Trembling with suppressed excitement, my mother is taking in the view - gleaming marble, Moorish frescoes and terracotta tagines, each containing a different exotic unguent. "This is amazing!" she breathes. If this is how she responds to the hotel bathroom, what's she going to say when she sees the rest of Marrakech?

We'd been planning our little holiday for some time. Quite how long I only realised when my mother revealed that it had been 10 years since she'd last stayed in a hotel (we have had holidays, honest, just not in hotels...). She has always wanted to go back to her birthplace, India, but health and mobility problems have ruled that out - too far, too hot, too scary. Marrakech seemed a suitable alternative; accessible in four hours, and exotic enough to give her a taste of the mysterious East without being overwhelming.

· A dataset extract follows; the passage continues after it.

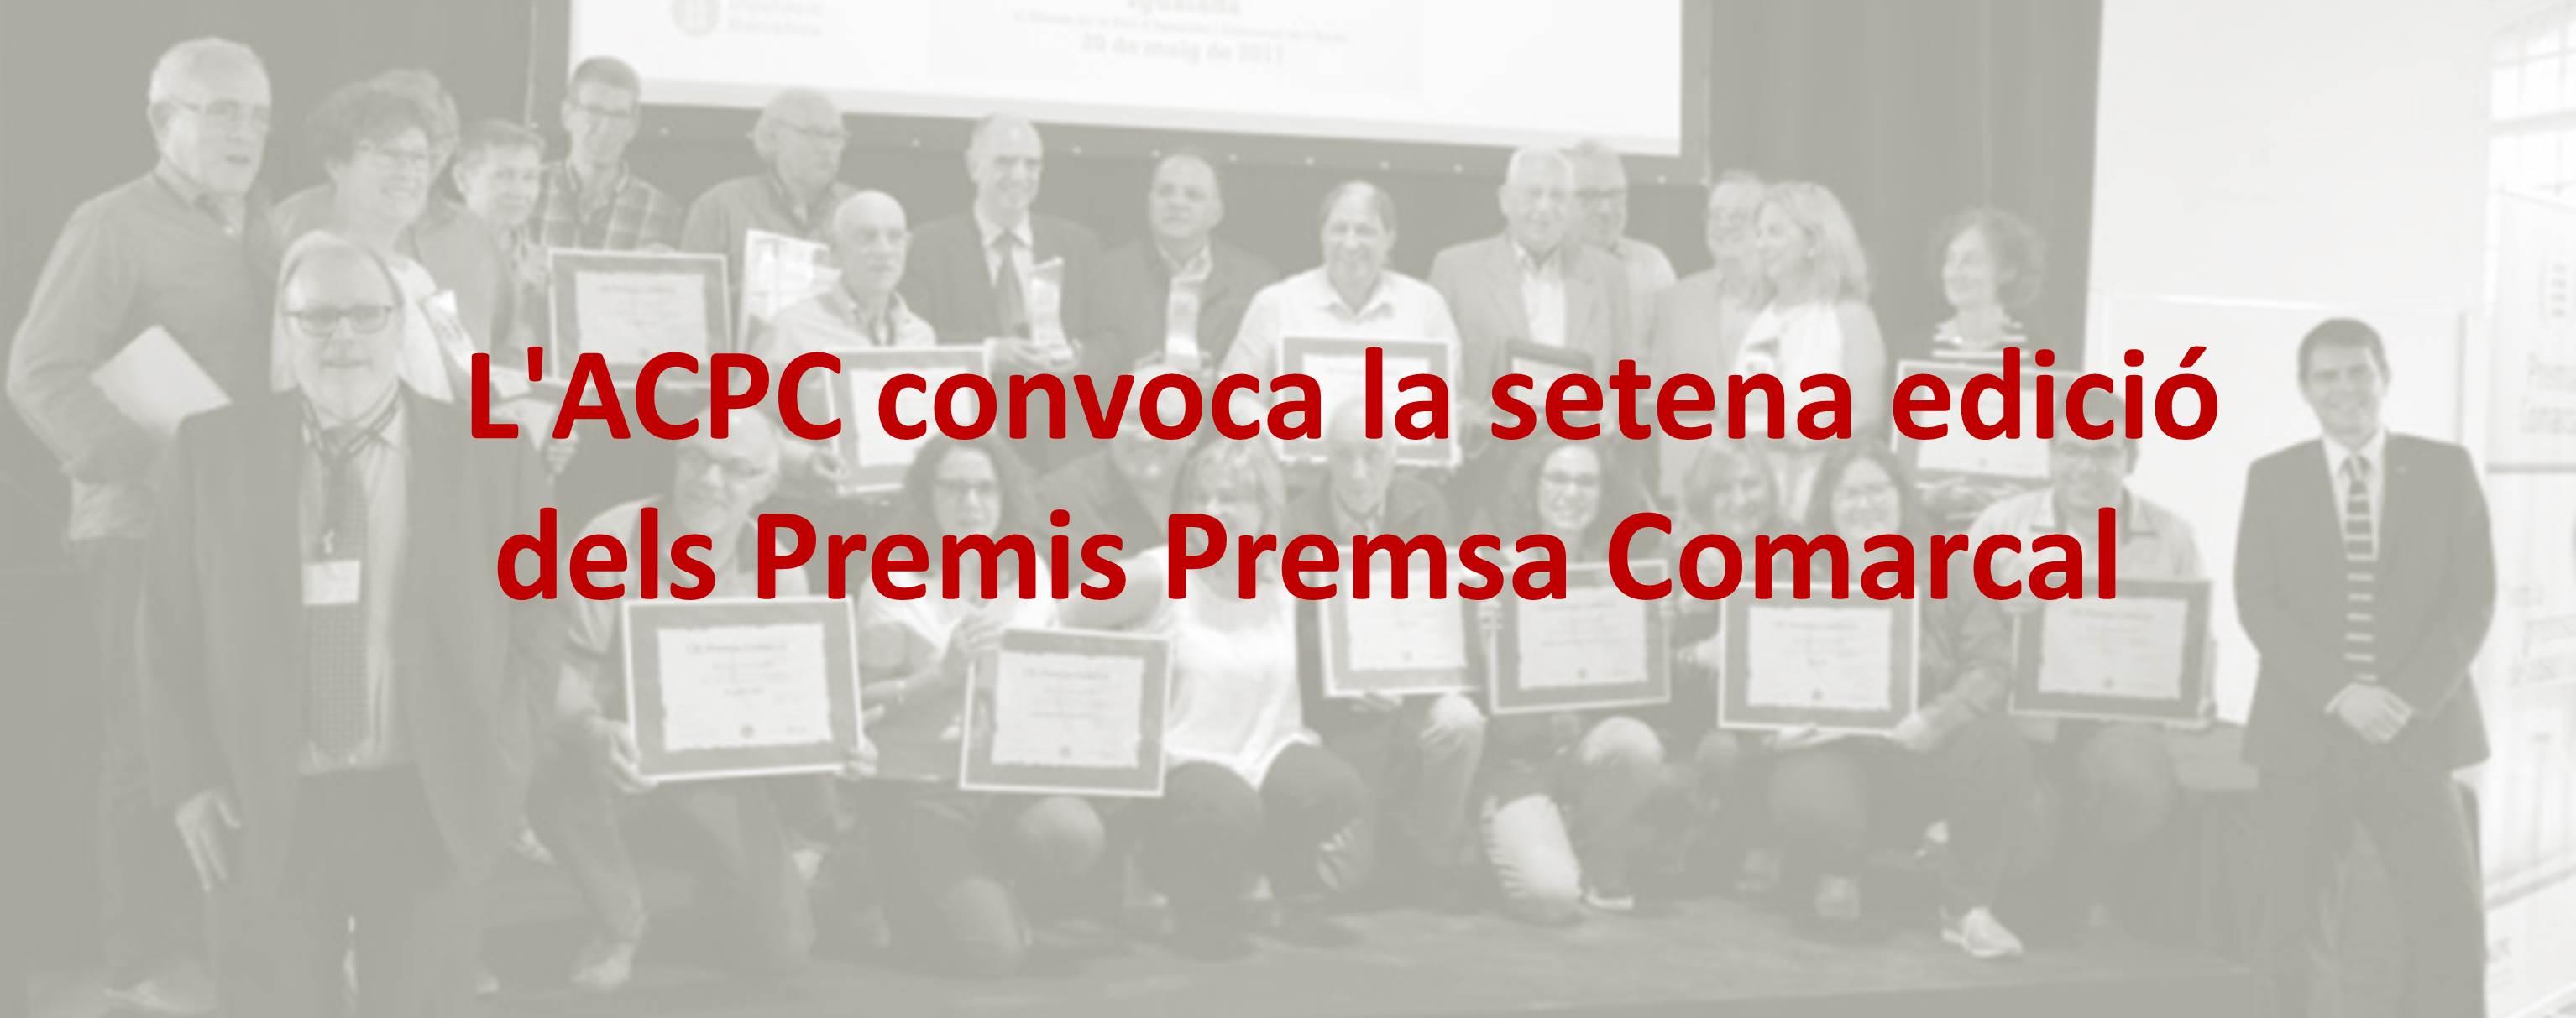 L'ACPC convoca la setena edició dels Premis Premsa Comarcal

I flirted with, then dismissed, the idea of staying in one of the stylish new riads that are springing up in the old city - private houses that have been converted into luxurious lodgings for visitors. After all, if you're only going to stay in one hotel every decade, you might as well make it a fabulous, expensive, famous one. La Mamounia is a sumptuous, old-fashioned anachronism. In the era of the hip hotel, it's a glitzy, elegant Rolls-Royce, ticking along impeccably, its 1920s heritage all buffed and gleaming.

Our rooms, each the size of a small bungalow, had interconnecting balconies, with what must be one of the world's greatest views. In the foreground, the mandatory azure swimming-pool, surrounded by formal gardens stretching into the distance. In the background, the snow-capped peaks of the High Atlas mountains. "I'd be happy just to sit on my balcony for four days," sighed my mother.

I wasn't having that. Despite the fact that the journey to breakfast across La Mamounia's hushed marble halls was further than Mum normally walks in a day, I was keen for the two of us to hit the souk, a five-minute walk away (but mysteriously, as we were soon to discover, a 10-minute cab ride). The labyrinth of interconnecting markets which uncurls from the main square is, of course, one of the city's must-sees, but as I learned on an earlier visit to Marrakech, if you don't stick to certain rules, you run into trouble. On no account should you let one of the self-appointed guides who swarm around the various entrances to the souk attach himself to you - you'll be propelled into various stalls owned by his "brother" or "cousin" until you are handing over great wodges of cash just to get rid of him. Don't stop and browse unless you're sure of what you're looking for and roughly how much you want to pay for it. And don't pay the first price the merchant asks for - haggling is expected.

This is all very well for hardened travellers, but not so easy when one of your party is a friendly and conciliatory elderly lady who hates to make a scene, and also suffers from mild agoraphobia (literally: fear of the marketplace). "Don't stop, don't look at anyone, smile politely and keep walking," I hissed, steering her away from the jewellery stand where she was sighing: "Oh aren't they gorgeous" over a pair of 25p earrings.

With the gypsy/boho look in fashion at the moment, the souk is full of temptation - wide leather belts , chunky necklaces, embroidered kaftans and scarves - all at a fraction of British prices. The problem is, with miles of narrow alleyways lined with stalls selling fairly similar products, how do you stop and browse without being sucked into the vortex of salesmanship?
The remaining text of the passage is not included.